To run the tests locally, you need to clone the JSON-LD tests GitHub repository as a peer directory to this repository:

git clone https://github.com/json-ld/tests json-ld-tests

Then run the tests from this repository with:

lein midje

Development and Contributing

If you'd like to enhance clj-json-ld, please fork it on GitHub. If you'd like to contribute back your enhancements (awesome!), please submit your pull requests to the dev branch.

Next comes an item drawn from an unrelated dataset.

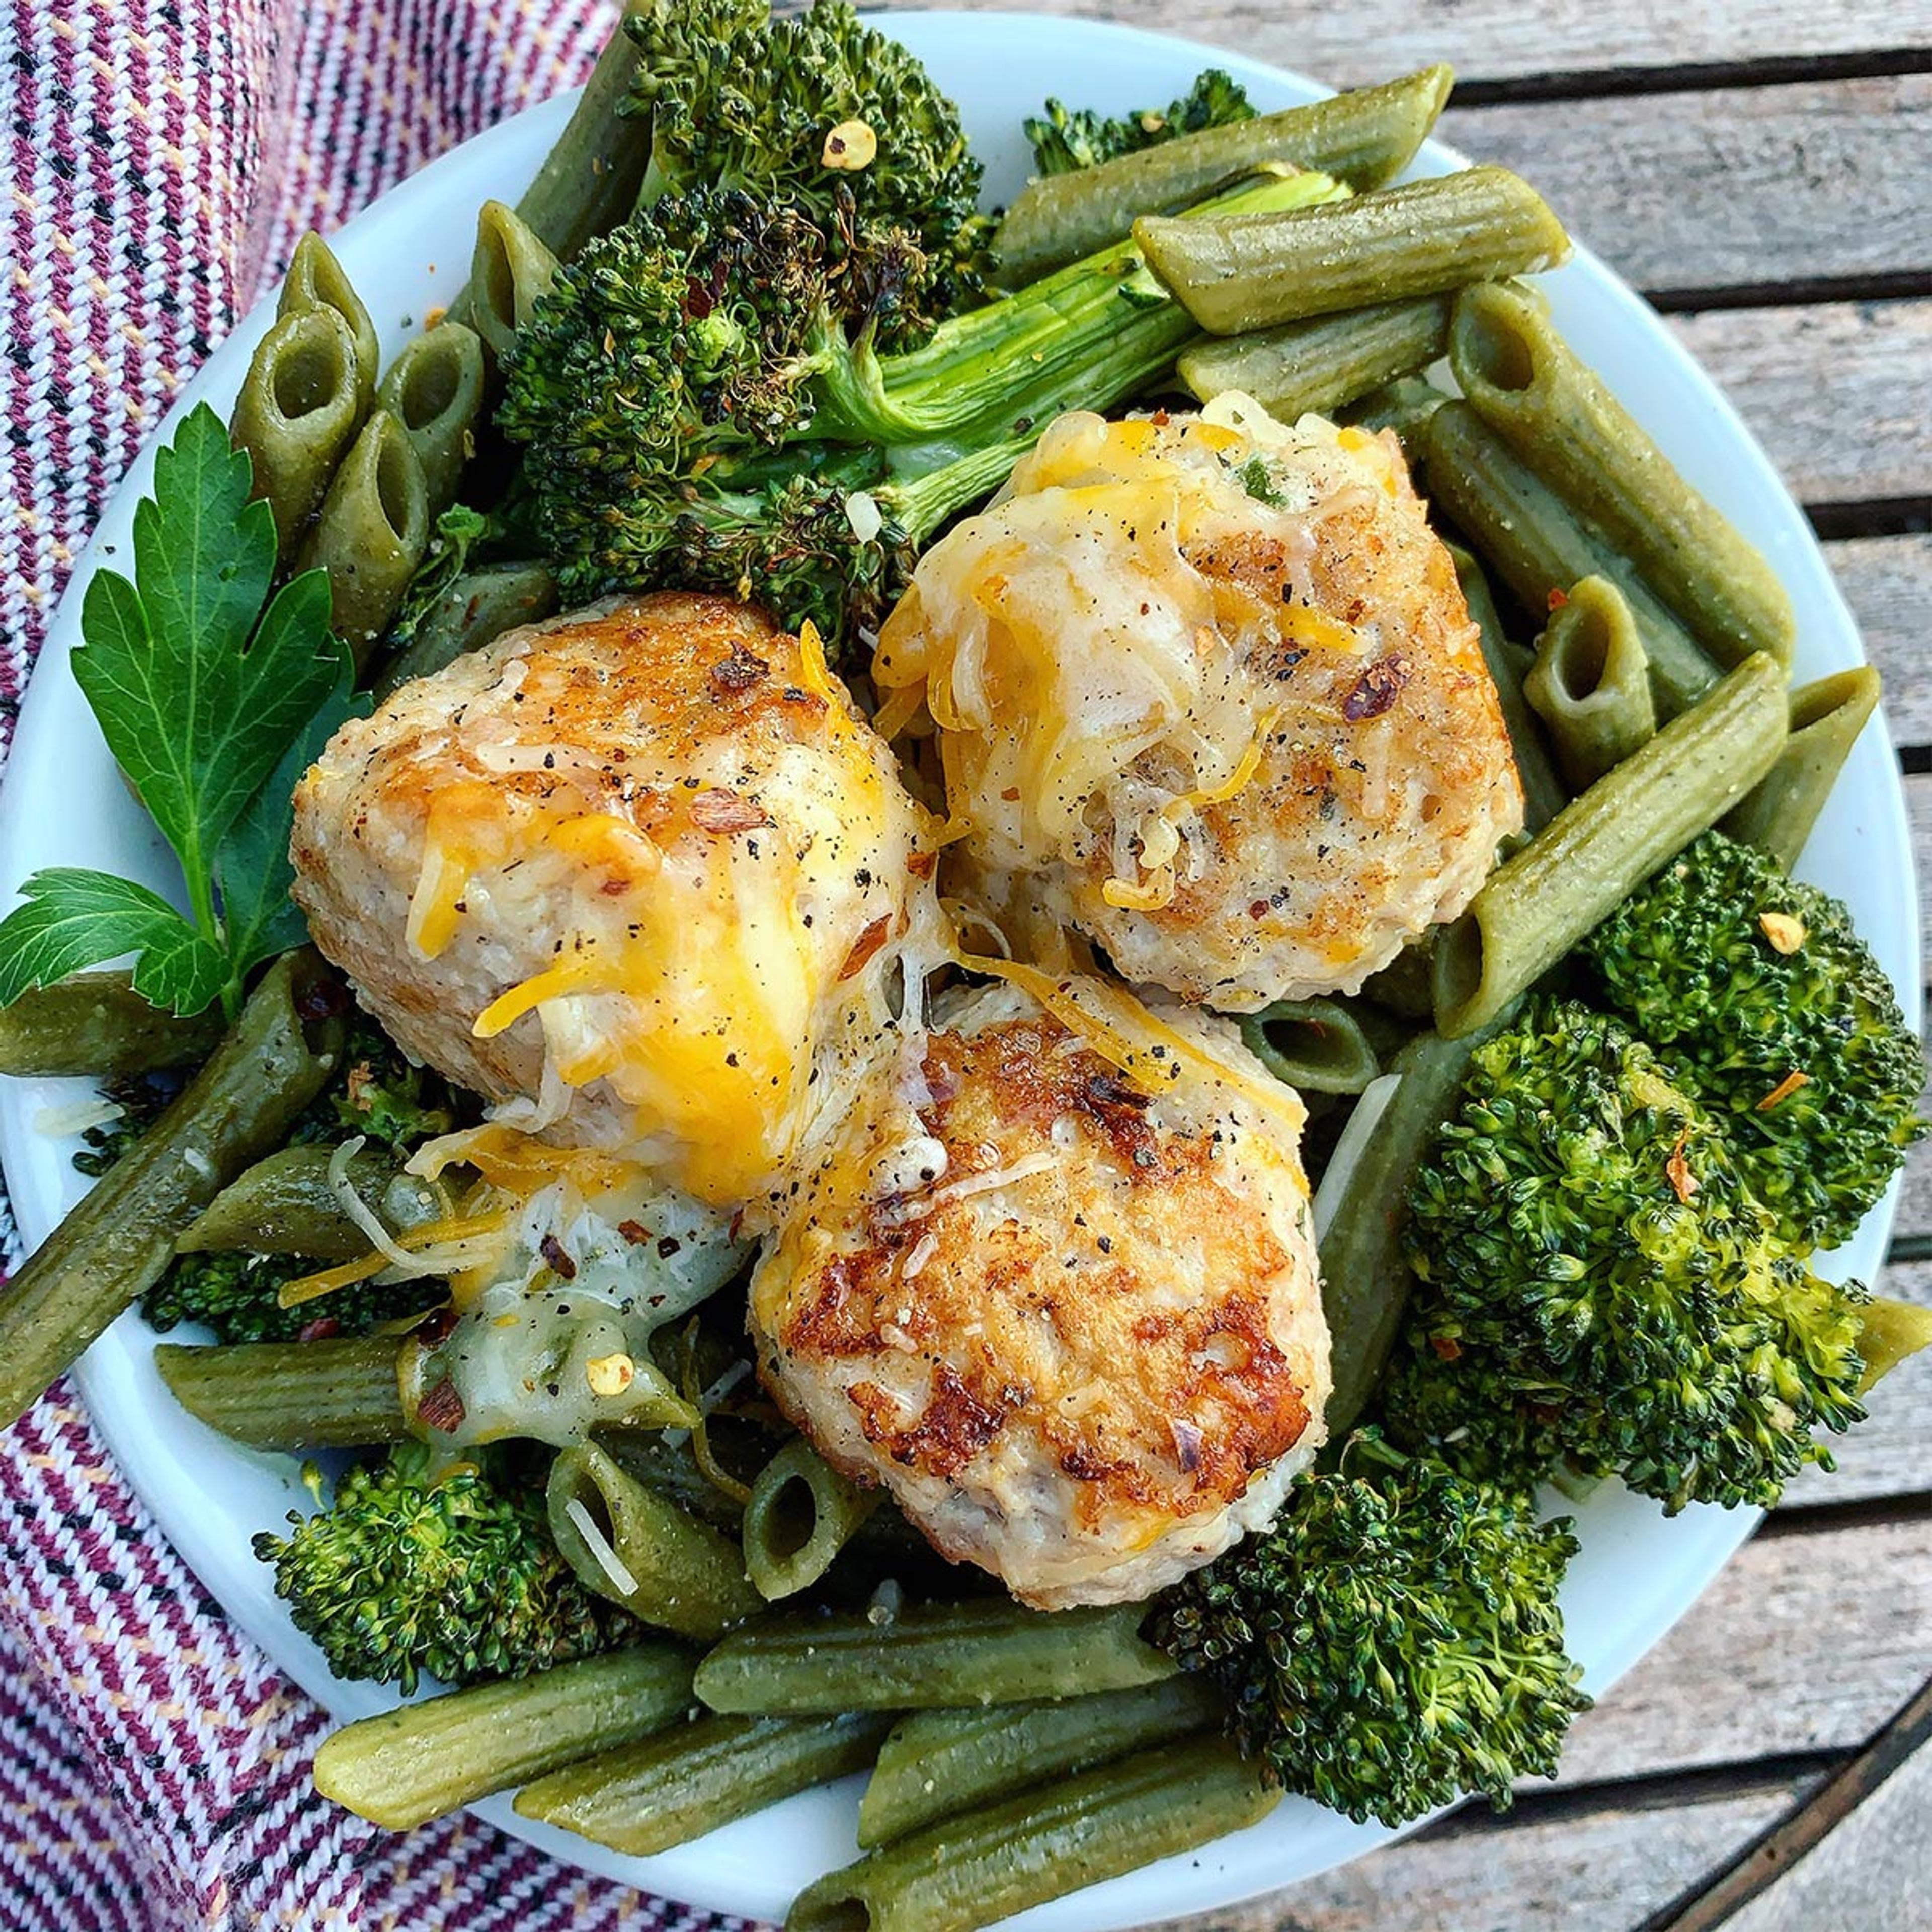 Three chicken meatballs topped with cheese sit atop a bed of green pasta and broccoli.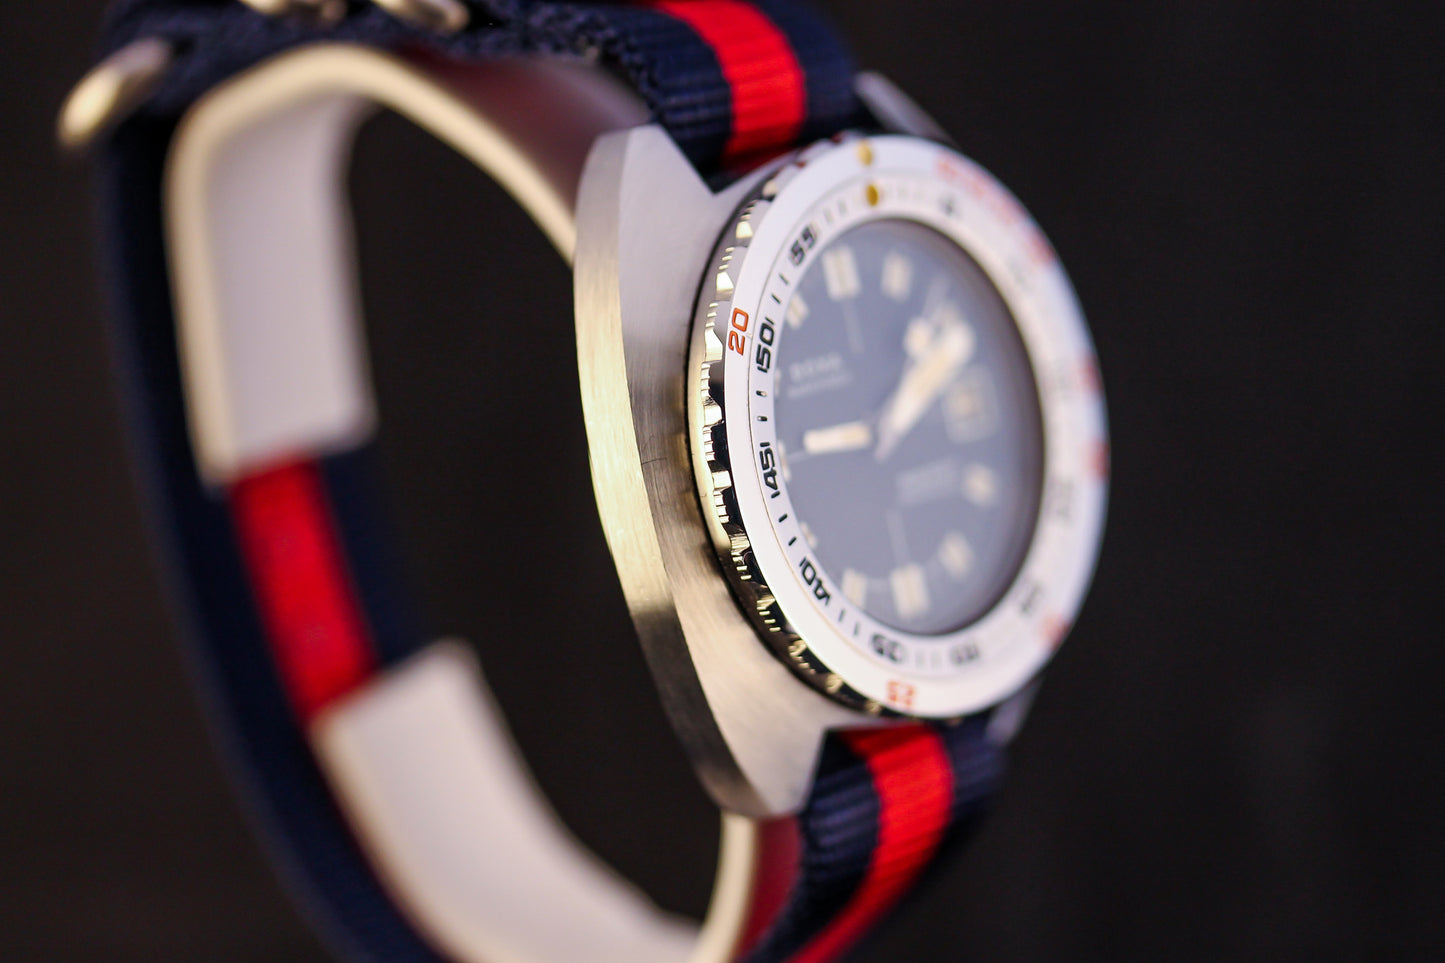 DOXA Sub 300T Sharkhunter Tropical Dial - Presented in Collaboration with Gear Patrol!

I promise to look at every pull request and incorporate it, or at least provide feedback on why if I won't.

  • Do your best to conform to the coding style that's here... I like it.
  • Use 2 soft spaces for indentation.
  • Don't leave trailing spaces after lines.
  • Don't leave trailing new lines at the end of files.
  • Write comments.
  • Write tests.
  • Don't submit über pull requests, keep your changes atomic.
  • Have fun!

Branches

There are 2 long lived branches in the repository:

master - mainline, picked up by continual integration on Travis-CI, named releases are tagged with: vX.X.X

dev - development mainline, picked up by continual integration on Travis-CI

Additional short lived feature branches will come and go.

Acknowledgements

Thank you to the creators of the JSON-LD 1.0 W3C Recommendation for their hard work in creating the specification and the comprehensive test suite. Thank you to the authors and editors for the very clear spec writing.

Portions of the Benefits of Linked Data and Benefits of JSON-LD sections of this README document are lifted with slight modifications from the JSON-LD 1.0 W3C Recommendation.

Thank you to Gregg Kellog, author of the json-ld Ruby processor, and Dave Longley, author of the pyld Python processor, for providing prior implementations that were useful to study, particularly in the area of testing.

License

clj-json-ld is distributed under the Mozilla Public License v2.0.